Q1; Significance of the report
The report is useful to the global community as it is useful in economic planning for countries. Although the recession caused by COVID19 leading to negative indexes to all in 2020, 2021 would record positive growth.
Q2. Using Y= f (X) +E notation, identify the independent and dependent variables.
Data provided on page "9" entitled "Table 1.1. Overview of the World Economic Outlook Projections" can be used to create multiple regression for the economic index for 2021 from indexes of 2019 and 2020.
| variables | 2019 | 2020 | 2021 projections |
| Advanced Economies | 1.7 | – 5.8 | 3.9 |
| United States | 2.2 | – 4.3 | 3.1 |
| Euro Area | 1.3 | – 8.3 | 5.2 |
| Germany | 0.6 | – 6.0 | 4.2 |
| France | 1.5 | – 9.8 | 6 |
| Italy | 0.3 | – 10.6 | 5.2 |
| Spain | 2 | – 12.8 | 7.2 |
| Japan | 0.7 | – 5.3 | 2.3 |
| United Kingdom | 1.5 | – 9.8 | 5.9 |
| Canada | 1.7 | – 7.1 | 5.2 |
| Other Advanced-Economies | 1.7 | – 3.8 | 3.6 |
The independent variables for the model would be growth indexes for 2019 and 2020
The dependent variable – 2021 projection
Q3. How might the research models presented be wrong?
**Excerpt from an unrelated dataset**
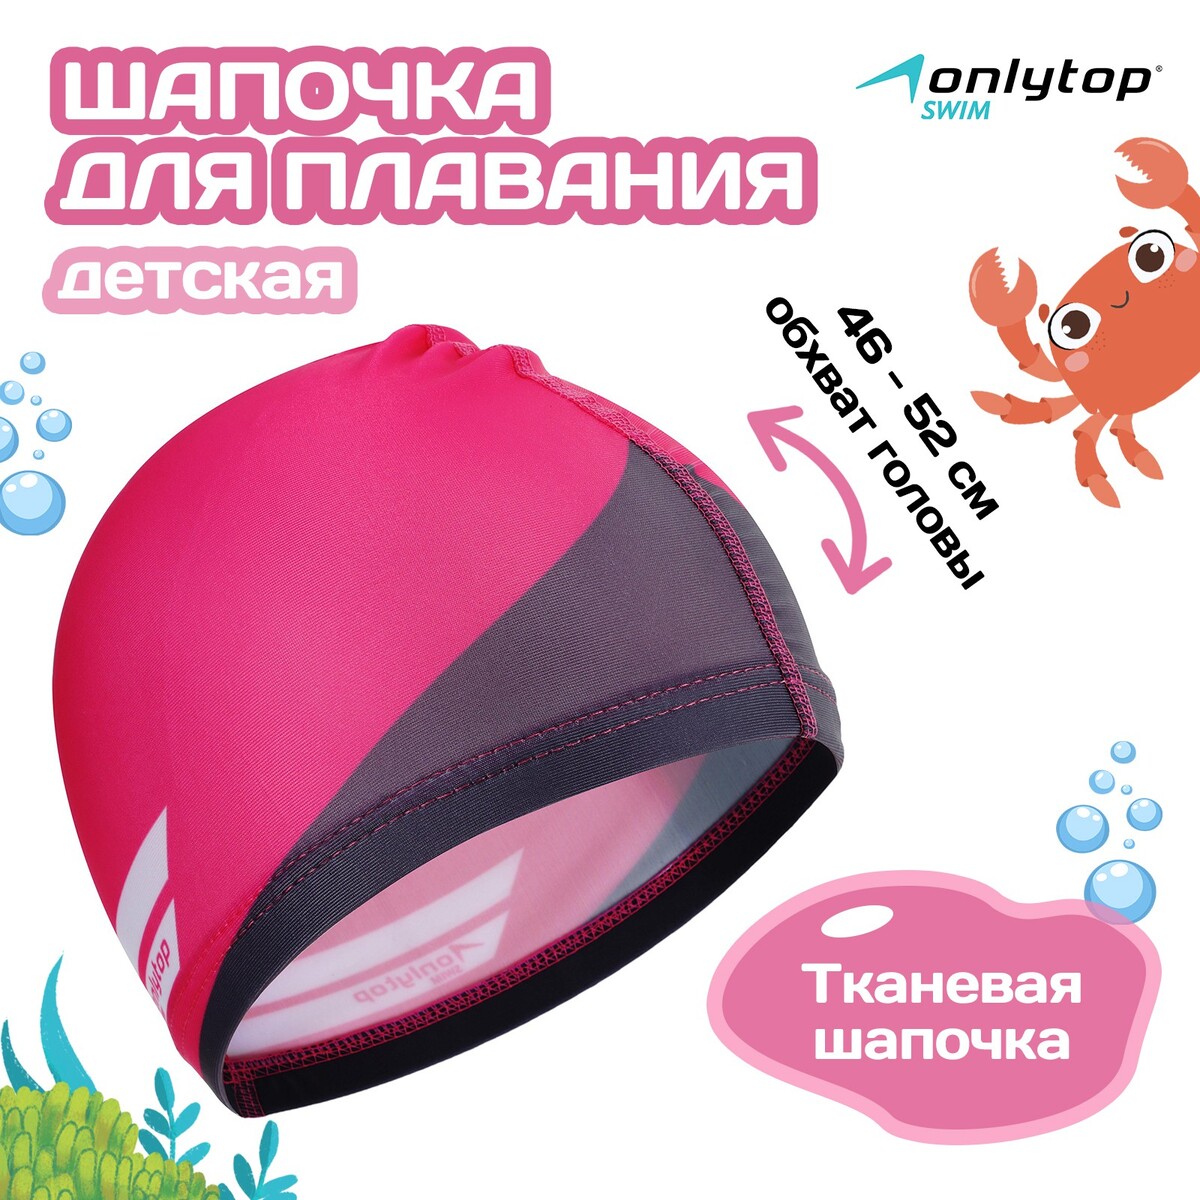 Шапочка для плавания детская onlitop swim, тканевая, обхват 46-52 см шапочка для плавания atemi тканевая с силиконовым покрытием сс102 розовый

Like any other model, IMF research doesn’t differ from those generated in 2019 for 2020, which produced a positive growth rate. The research models presented can be wrong because it does not consider uncertainties and consumer behavior that is unpredictable and changes depending on various factors. Regression relationship function has that denotes unknown parameters
What types of error might be present in the reported research?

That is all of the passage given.